Not content with this, Stonewall also took the decision to glorify and euphemise double mastectomies performed on young women in line with gender ideology. In 2022, Stonewall sold Christmas cards on its website, featuring cartoon images of surgical scars.

Stonewall has hounded individuals and organisations who have dared to speak out and challenge the narrative of gender ideology. Most telling was the disgraceful attack launched against the UK’s Equality and Human Rights Commission (EHRC), in an attempt to get its official status rescinded, on the basis that the EHRC spoke out in favour of balancing and upholding the rights of all within this country.
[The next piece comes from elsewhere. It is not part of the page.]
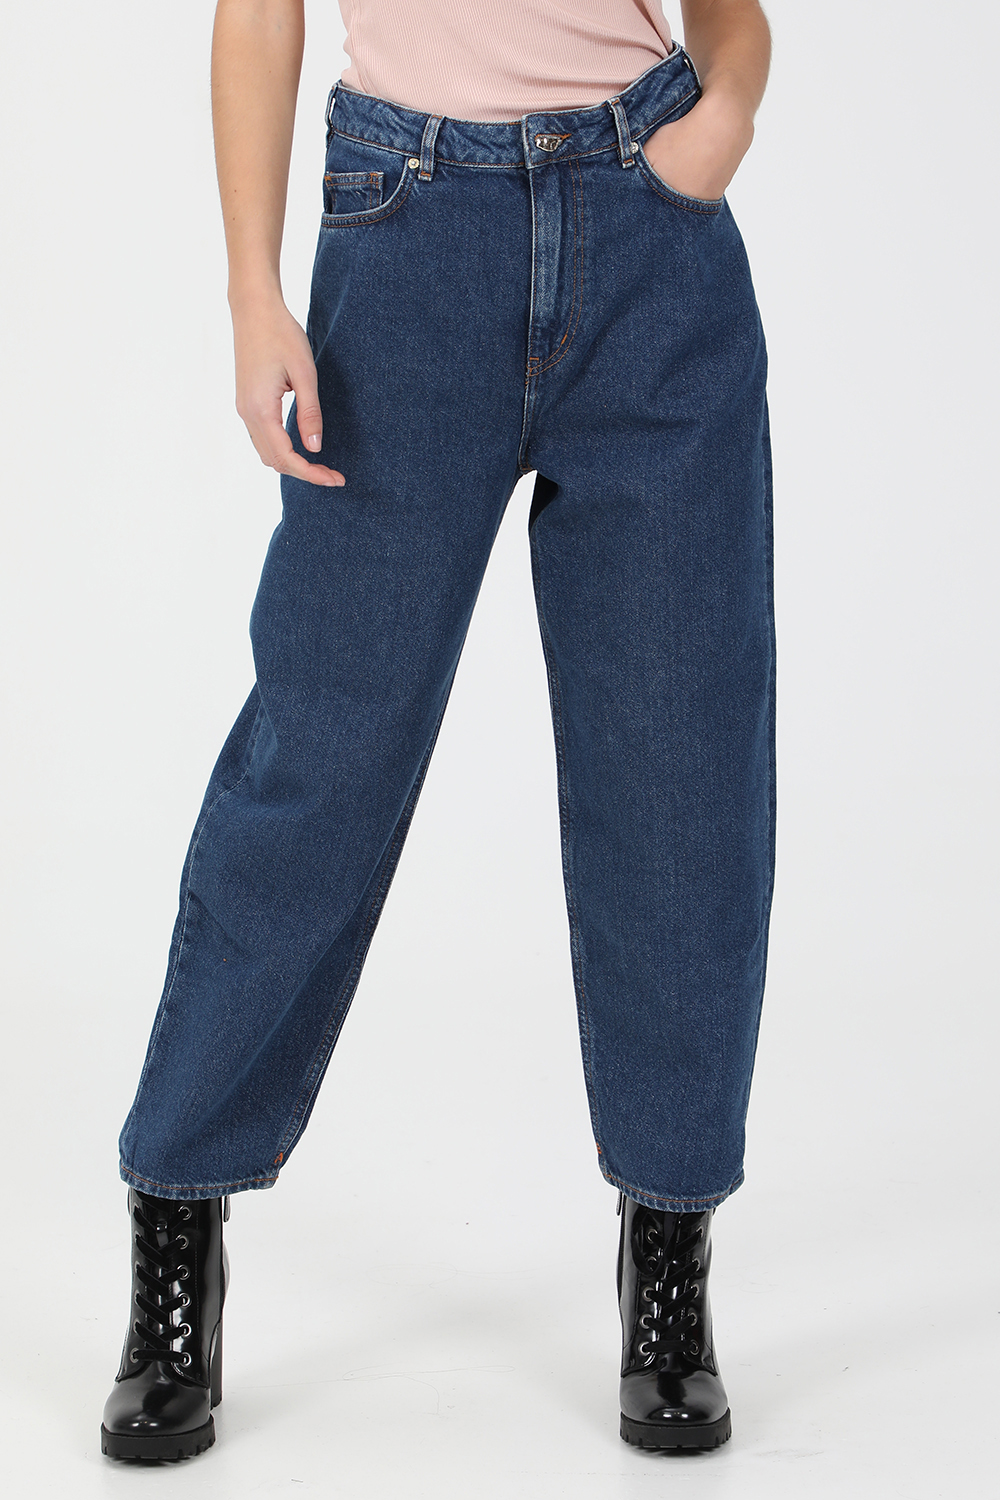 Γυναικεία/Ρούχα/Παντελόνια/Jean SCOTCH & SODA - Γυναικείο jean παντελόνι SCOTCH & SODA μπλε

More often than not, Stonewall under Kelley has discredited itself simply by opening its mouth.

Kelley and Stonewall eventually became a parody of themselves

For example, Stonewall attempted to push a narrative that “asexual” people in society do not have equal rights. Its policy approach made a case that this was evidenced by the fact that married couples in the UK receive tax benefits. The fact that “asexual” people are perfectly entitled to get married had clearly gone over the organisation’s collective heads.

We all remember the “Isla Bryson” saga that took place in Scotland earlier this year. This was the case of a male rapist who had claimed he had transitioned to become a woman and had been initially remanded to a female prison. The Chairman of Stonewall, Iain Anderson, was asked by the BBC what sex Bryson was. Squirming, Anderson replied: “that person is a rapist”. The fact that such a senior Stonewall figurehead was unable to answer such a basic question undermined the very ideology that the organisation espouses.

More than anything, Kelley and Stonewall eventually became a parody of themselves. I still remember cringing when the results of the 2021 Census were released, and Kelley took to Twitter to celebrate the supposed increase of “trans” people living in her London borough of Newham. She wrote that it was “making me want to run out of my front door and shout HELLOOOO!”.

Just a few weeks later, it emerged that the Census figures were almost certainly incorrect and misleading, because of the question’s poor wording and the likelihood that many respondents did not understand what it meant.

Offending swathes of gay people. Alienating potential supporters. Undermining child safeguarding. Attempting to cancel those who disagree with them. All in a day’s work at Stonewall.

As I reflect back on Nancy Kelley’s three year tenure at Stonewall, I come to appreciate that her greatest achievement has been waking up wider society to the harms of gender ideology. For that, she will always have my eternal gratitude.